Given LCM of three natural numbers, find the possibilities.

LCM of three natural numbers =150. How many sets of three numbers are possible?

I know how to do this for two natural numbers.There is also a general formula for that. But for 3 numbers it is posing a problem. Is there a standard method for any n natural numbers?

• Are the numbers required to be different?

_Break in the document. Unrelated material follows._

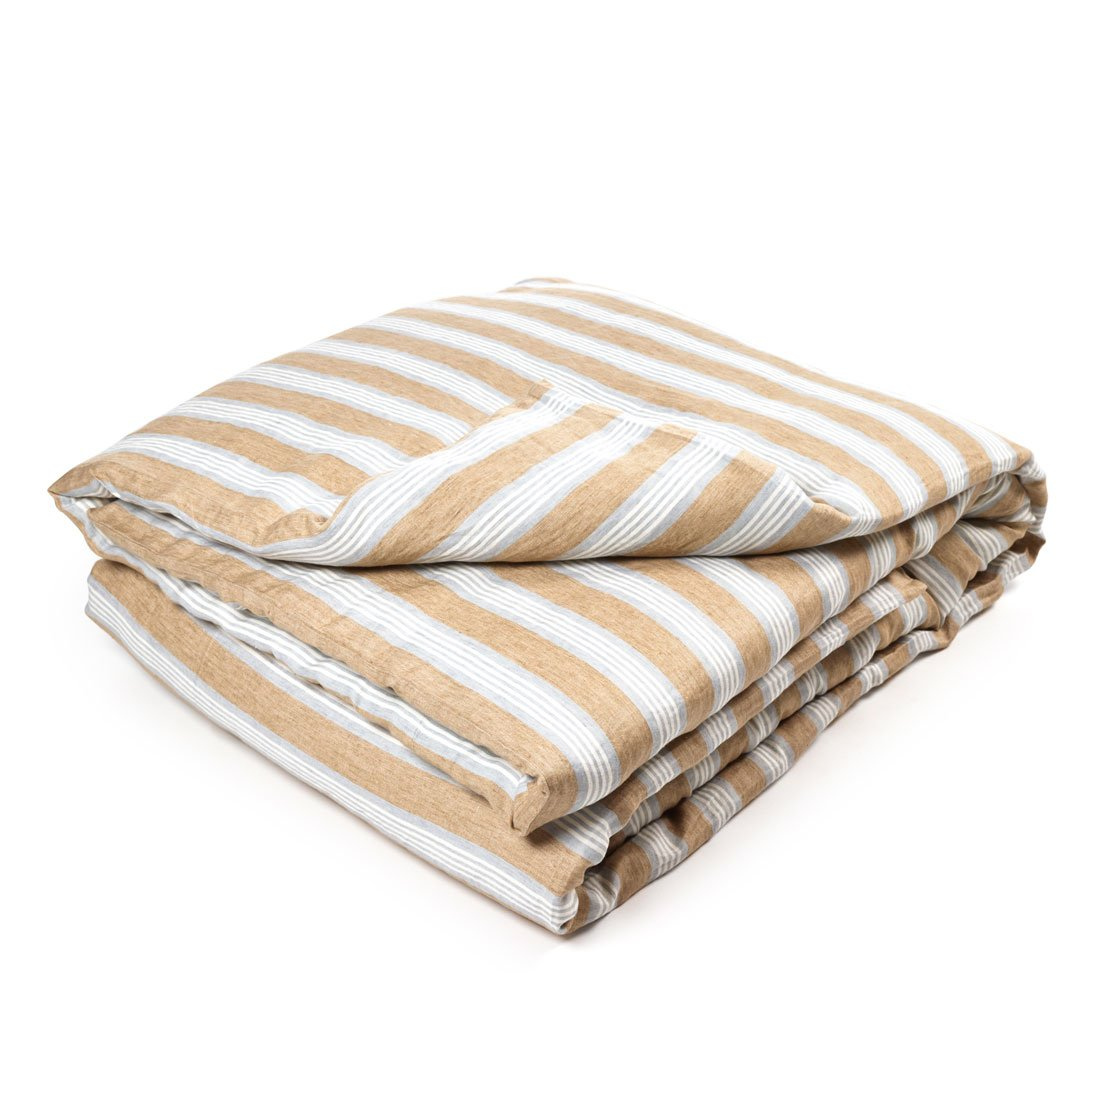 Leinen Bettbezug Maora 200x200 cm, Stripe - Libeco Home

Is order important? – paw88789 Mar 31 '15 at 10:53
• I got the answer as 156. – archangel89 Mar 31 '15 at 11:06

I will assume that the numbers are distinct, and that the order doesn't matter.

If we let D be the set of positive divisors of 150, let S be the set of 3-element subsets of D, and

let $A_i$ for $1\le i\le3$ be the set of 3-element subsets of D not containing a multiple of 2, 3, or 25, respectively,

then $|A_1^c\cap A_2^c\cap A_3^c|=|S|-|A_1|-|A_2|-|A_3|+|A_1\cap A_2|+|A_1\cap A_3|+|A_2\cap A_3|-|A_1\cap A_2\cap A_3|$

$\hspace{1.2 in}=\dbinom{12}{3}-\dbinom{6}{3}-\dbinom{6}{3}-\dbinom{8}{3}+\dbinom{3}{3}+\dbinom{4}{3}+\dbinom{4}{3}-0=133$.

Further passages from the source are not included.